Degelijk zesluik met hagiografische, historiografische en institutionele studies

Janick Appelmans – A.J.A. Bijsterveld, M. Boone, M.J.M. Damen e.a. (ed.), Jaarboek voor Middeleeuwse Geschiedenis 13 (Hilversum: Verloren, 2010) 262p. ill. krtn. € 29,00 ISBN 978-90-8704-212-7

Het dertiende Jaarboek voor Middeleeuwse Geschiedenis brengt vijf originele bijdragen, waarbij hagiografie en historiografie een belangrijke plaats innemen. In twee bijdragen verplaatst de focus zich van een monastiek of landsheerlijk milieu naar een stedelijke context, namelijk met betrekking tot het alcoholgehalte van Stichtse en Hollandse bieren en de prosopografie van de grote kanunniken van het Brusselse Sint-Goedelekapittel in de late middeleeuwen. Een zesde onderdeel vormt het debat over de institutionele reikwijdte van Middelrijks Friesland.
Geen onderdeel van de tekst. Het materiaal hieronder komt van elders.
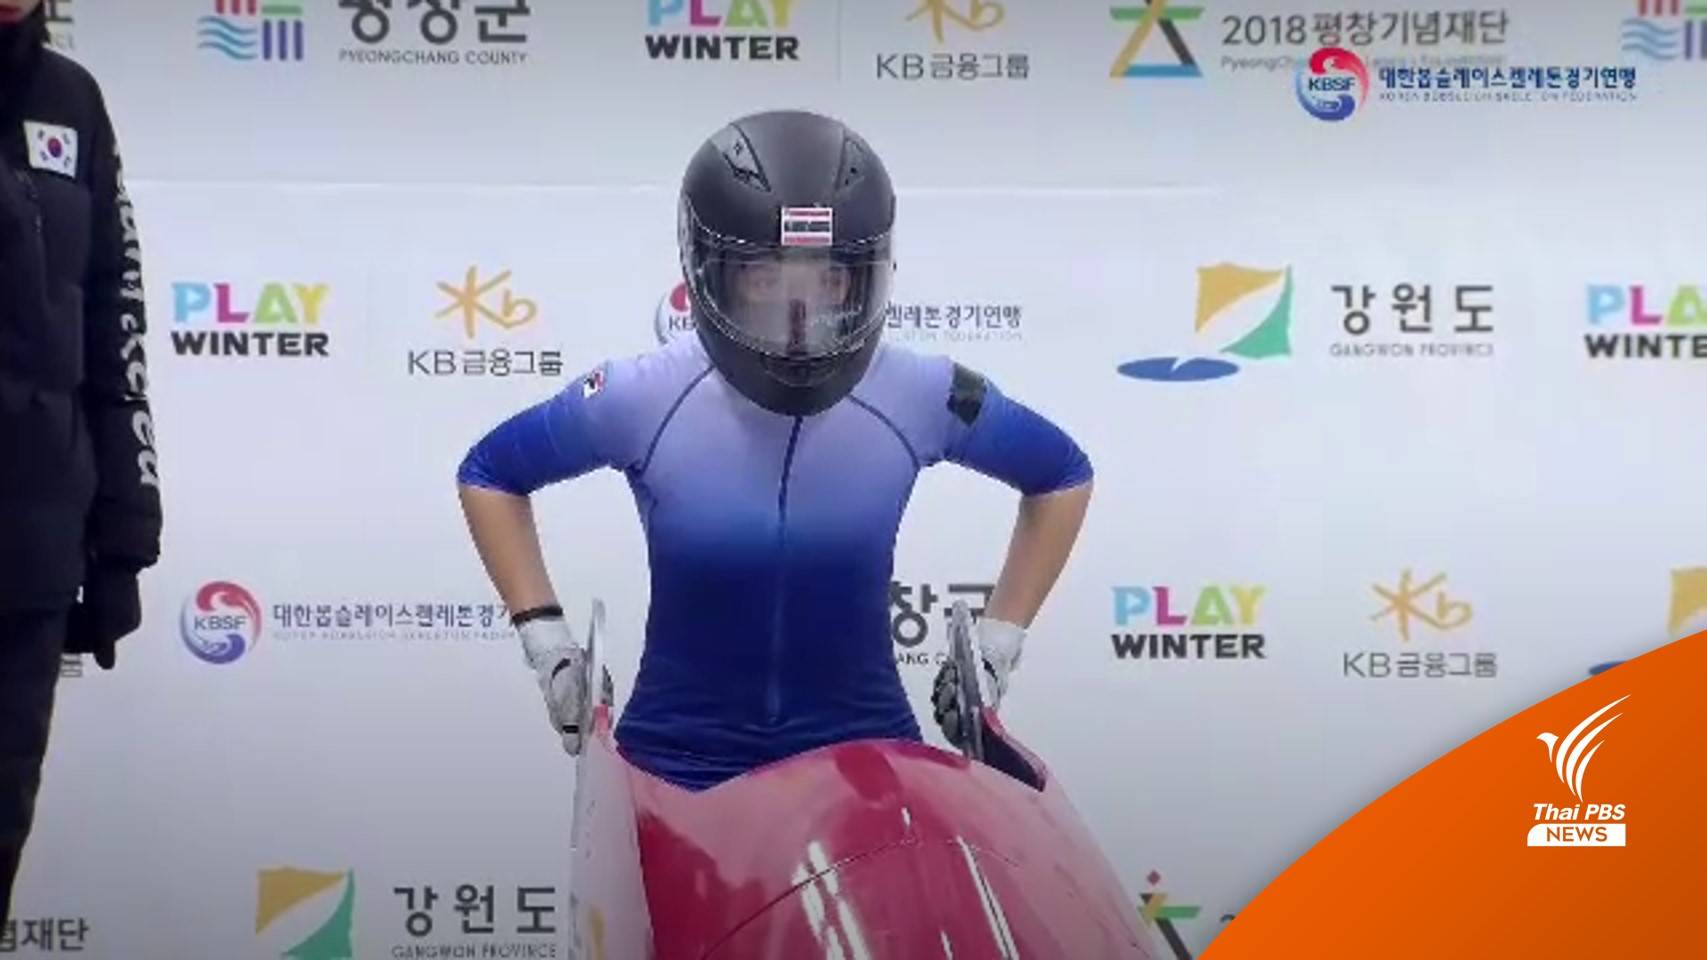 สุดเจ๋ง! เด็กไทยคว้า "รองแชมป์" กีฬาเลื่อนน้ำแข็งที่เกาหลีใต้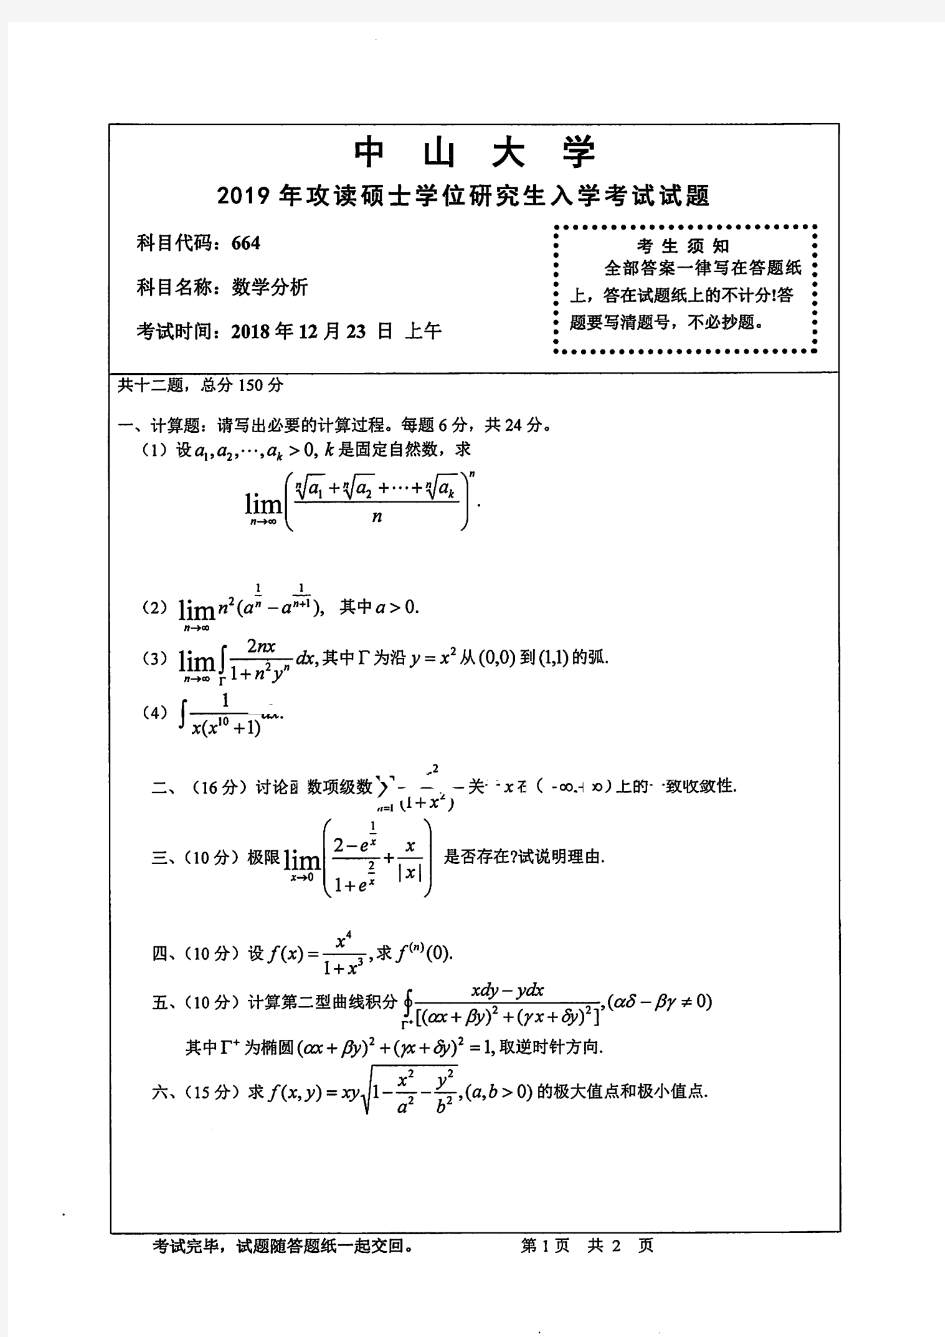 中山大学664数学分析专业课考研真题(2019年)

In Handschriftelijke productie in tijden van hervorming analyseert Tjamke Snijders De kloosterbibliotheek van Sint-Gislenus in het tweede kwart van de elfde eeuw (p. 6-32) als bron voor de hervormingen van abt Heribrand (1024/1025 tot ca. 1051). De Kamerijkse bisschop Gerard I installeerde deze monnik na een tumultueus decennium met vier prelaten aan het hoofd van de Henegouwse benedictijnenabdij. Vijf handschriften, bewaard in de Brusselse Koninklijke Bibliotheek en de Bergense universiteitsbibliotheek vormen, zo demonstreert Snijders overtuigend, vanuit codicologisch perspectief en inhoudelijk standpunt, een samenhangende verzameling heiligenlevens, waarvan passages tijdens de metten voorgelezen werden. Voor één van de manuscripten benutte de kopiist een handschrift uit Marchiennes dat volop herschreven werd, waardoor een datering tussen 1024 en 1033 en veeleer aan het begin van deze tijdspanne erg aannemelijk is. Opvallend aan de handschriftelijke productie onder het abbatiaat van Heribrand is de afwijkende belangstelling voor patroonheiligen van kloosters uit het bisdom Luik en vooral van recent hervormde instellingen, het eerder kleine formaat van de codices en de slechte kwaliteit van gebruikte materialen. Waar Snijders voor de eerste vaststelling de uitwisseling van hagiografische geschriften om vriendschapsbanden te bekrachtigen en aldus netwerkvorming te stimuleren als mogelijke verklaring aandraagt, weigert ze een simplistisch verband te aanvaarden met de slechte financiële toestand van het klooster van Sint-Gislenus of een doelbewust beleid van soberheid en armoede in hoofde van abt Heribrand voor te stellen, omdat zowel de literatuur als haar eigen onderzoek van andere manuscripten van Sint-Gislenus evengoed voorbeelden van het tegendeel aanreiken.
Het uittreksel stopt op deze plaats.